3. Liquidity and Management’s Plans

 

We have financed our operations primarily through a combination of cash on hand, cash generated from operations, borrowings from third parties and related parties, and proceeds from private sales of equity. Since 2012, we have raised a total of approximately $18.6 million in cash through issuances of debt and equity securities. As of June 30, 2021, we had $1,140,631 in cash and cash equivalents, net working capital deficit of $380,126, and an accumulated deficit of approximately $22 million. In June 2021, we paid $954,733 in annual earnout liabilities.

 

In 2020, we engaged in several actions that significantly improved our liquidity and cash flows, including:

 

  acquiring Graphic Sciences and CEO Image, resulting in increased cash flow from operations,
     
  receiving aggregate gross proceeds of $3.5 million from the private placement of our common stock,
     
  converting all of the outstanding principal and accrued interest payable on our then-existing convertible debt in the approximate amount of $6.0 million into shares of common stock at a conversion price of $4.00 per share,

 

 

  receiving $2.0 million in proceeds from the issuance of 12% subordinated promissory notes due February 28, 2023, which we refer to as the 2020 Notes, and
     
  obtaining the loan under the Paycheck Protection Program through PNC Bank in the principal amount of $838,700 (the “PPP loan”), the principal and interest on which was forgiven in its entirety by the U.S. Small Business Administration (the “SBA”) by notice we received on January 20, 2021.

 

Overall, we reduced our outstanding debt by approximately $3 million during 2020 and have not incurred any new debt in 2021.

 

Our ability to meet our capital needs in the future will depend on many factors, including maintaining and enhancing our operating cash flow, successfully managing the transition of our recent acquisitions of Graphic Sciences and CEO Image, successfully retaining and growing our client base in the midst of general economic uncertainty, and managing the continuing effects of the COVID-19 pandemic on our business.

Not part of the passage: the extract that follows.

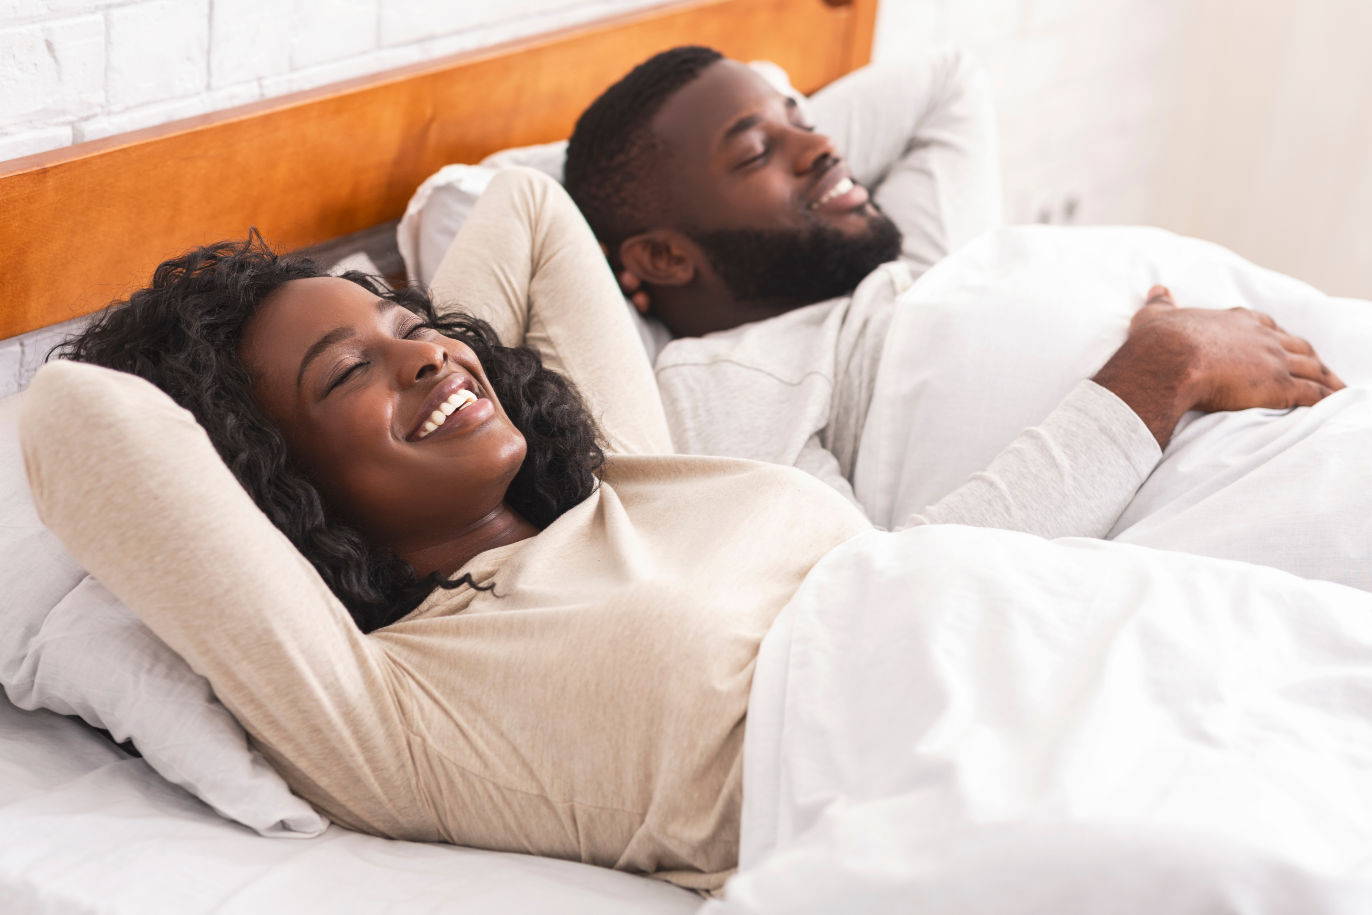 A couple sitting on a ergo-pedic sleepbed with smiles on their faces after sex

We will need to successfully manage our cash flows to support potential future earnout commitments and debt service commitments.

 

Based on our current plans and assumptions, we believe our capital resources, including our cash and cash equivalents, along with funds expected to be generated from our operations, will be sufficient to meet our anticipated cash needs arising in the ordinary course of business for at least the next 12 months, including to satisfy our expected working capital needs, earnout obligations and capital and debt service commitments.